Димитрий попытался оттолкнуть его, но рука была слабая, неуверенная. Птица рванул пуговицу, и ладанка — мешочек на тёмном, истёртом шнурке — выскользнула из-под ткани, качнулась на груди у мальчика.
— Вот, — торжествующе сказал Птица, подняв мешочек повыше, чтобы все видели. — Вот оно, чёртова счастье! Что это у тебя? — он сжал мешочек в руке, сдавил, встряхнул.
— Отдай, — глухо сказал Димитрий, вытягивая к нему ладонь.
— Земля, что ли? — Птица потрогал мешочек, сморщил нос. — Мусор какой-то… Ты вот это таскаешь с собой?
— Отдай, — повторил Димитрий, чуть громче, но без злости.
— А если не отдам? — усмехнулся Птица, чуть раскачивая мешочек перед его лицом. — Что сделаешь, а?
— Ничего, — спокойно, почти безразлично ответил Димитрий. — Просто отдай.
В этот момент в дверях громко кашлянул воспитатель.

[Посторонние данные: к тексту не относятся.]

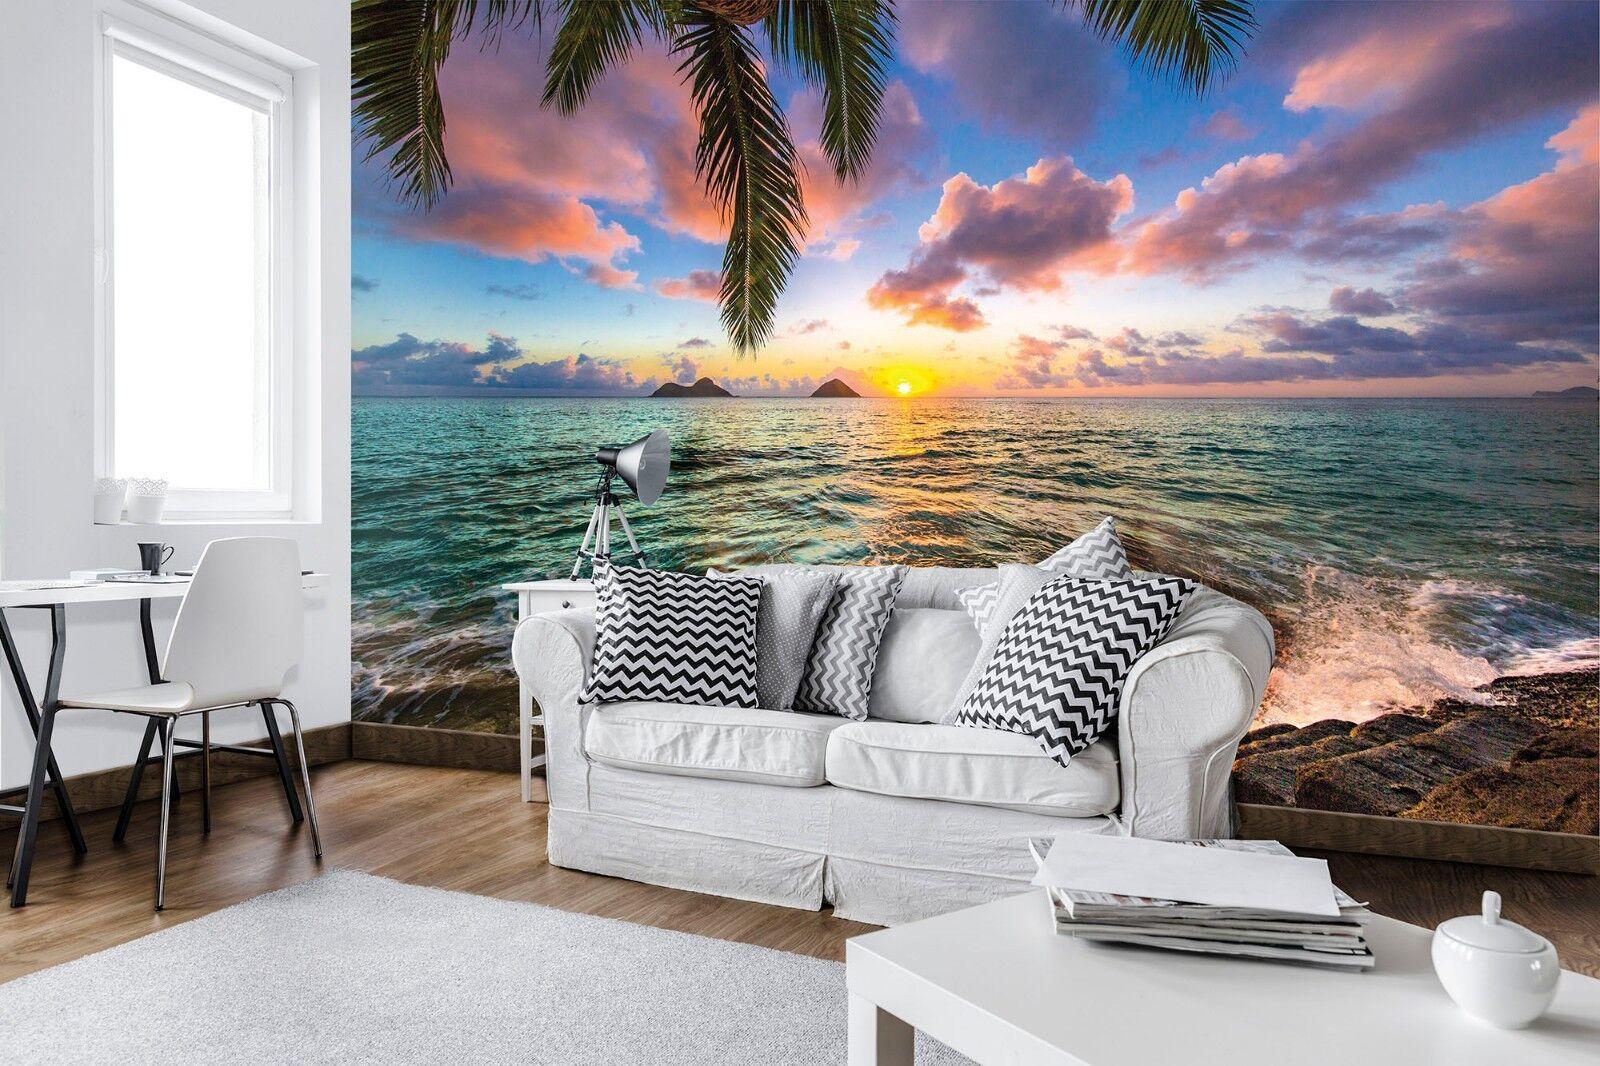 Fototapete Wandtapete Vlies Kinder Schlafzimmer Blauer Ozean und Palmen Tropics

Шепот сразу стих, тени застыли, а Птица медленно отпустил ладанку, будто боялся, что если сделает лишнее движение — случится что-то не то.
— Что там опять? — голос воспитателя был глухой, усталый, раздражённый, будто его каждую ночь будили одной и той же бессмысленной суетой. — Кому тут спать мешают?
— Да ничего, — быстро откликнулся Птица, почти подбрасывая ладанку обратно Димитрию за пазуху. — Игрались просто...
— Ещё раз такое — по шее получите оба, — буркнул воспитатель и пошёл дальше, каблуки застучали по полу, затихли где-то у двери.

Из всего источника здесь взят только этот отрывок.